CategoriesPython

Investigating Python Memory Usage

Alternate title: Why Is This Program Using So Much Memory and What Can I Do About It??

As part of work on my speech transcriber project, which aims to transcribe longer recordings while using less memory by segmenting based on DeepSegment. It’s still very much a work in progress.

While testing on an AWS EC2 instance with 2GB of RAM, though, it crashed with a memory error, even though it shouldn’t use nearly that much. This post is about how I diagnosed and solved the problem, and what tools are available.

Getting an Overview of the Problem

First, I narrowed down my code to something that was more easily repeatable.

from pydub import AudioSegment

segment = AudioSegment.from_file("test_audio.mp3") # Open the 57MB mp3
segment.set_frame_rate(16000) # Change the frame rate

All of the graphs below were based on running this simple test.

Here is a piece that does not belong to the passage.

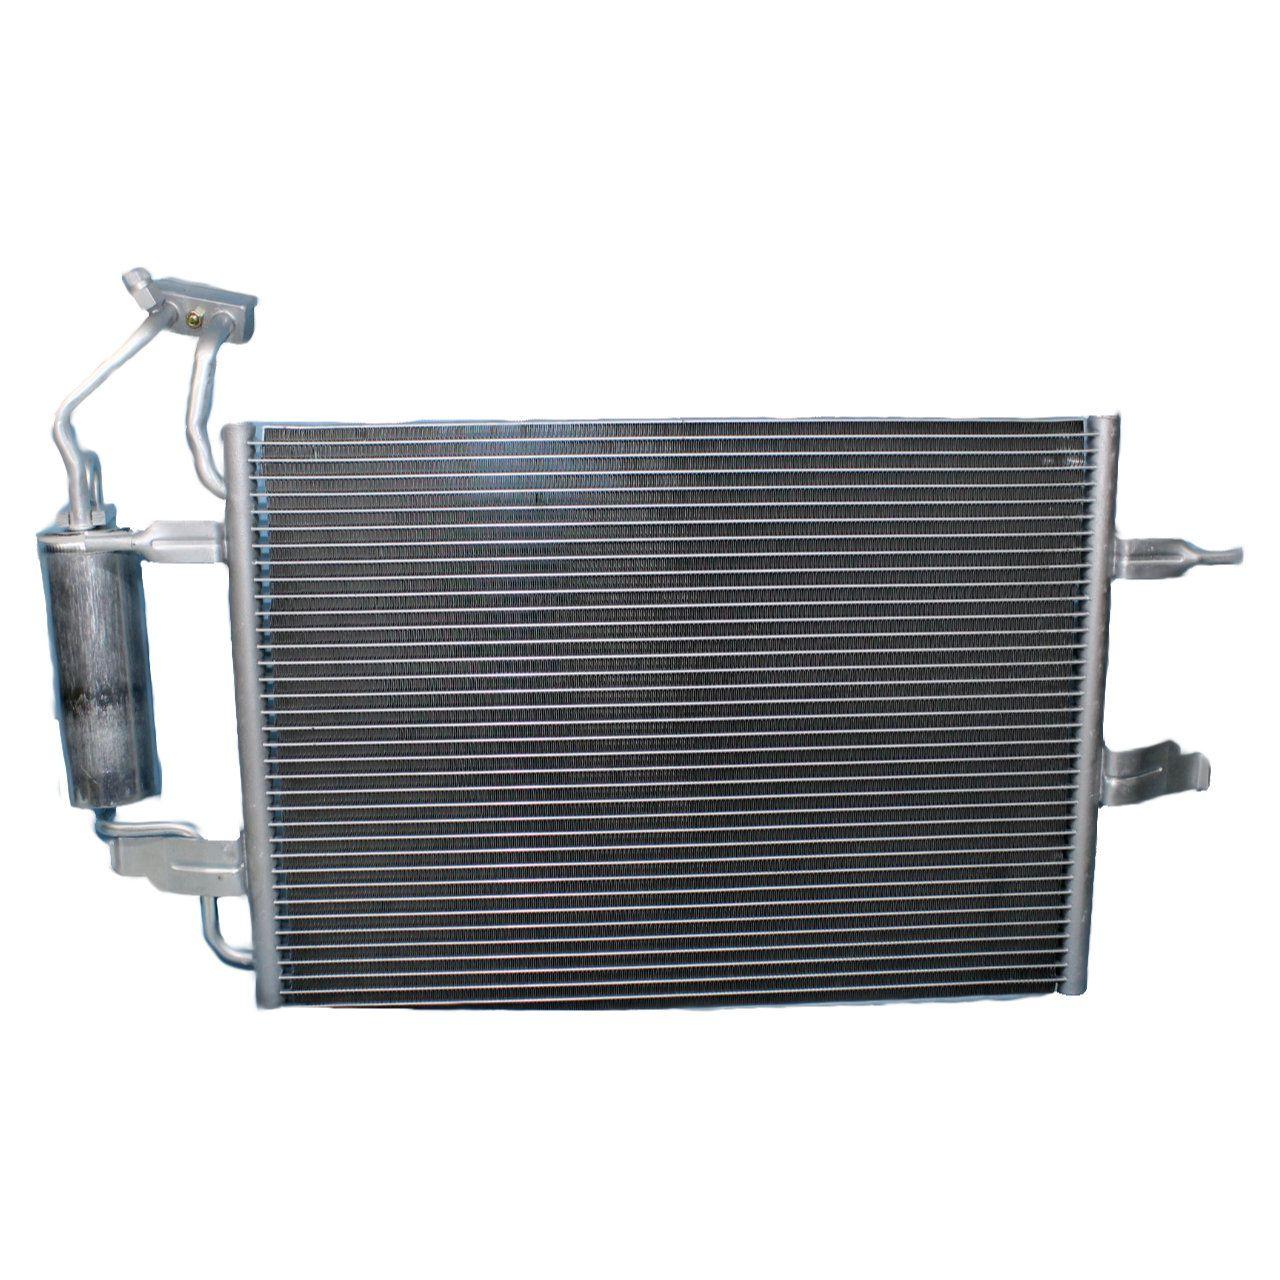 Condensador Ar Condicionado Meriva 1.4, 1.8 - 2003... C/ Filtro secador

Now, it’s time to introduce psrecord, which is capable of measuring the CPU and RAM usage of a process. It can attach to an already-running process with the command psrecord <pid> --plot plot.png, which is useful for peeking at a long-running process.

For our purposes, though, psrecord can start the process for us and monitor it from start to finish. Just put the command to run in quotation marks in place of the pid. It’ll look like psrecord "python test_memory.py" --plot plot.png

Here’s what the resulting graph looks like:

Pydub memory usage before changes

The red line plots CPU usage (on the left) and the blue line memory usage (on the right). The peak memory usage is roughly 2,300MB. Definitely too much for my 2GB EC2 instance.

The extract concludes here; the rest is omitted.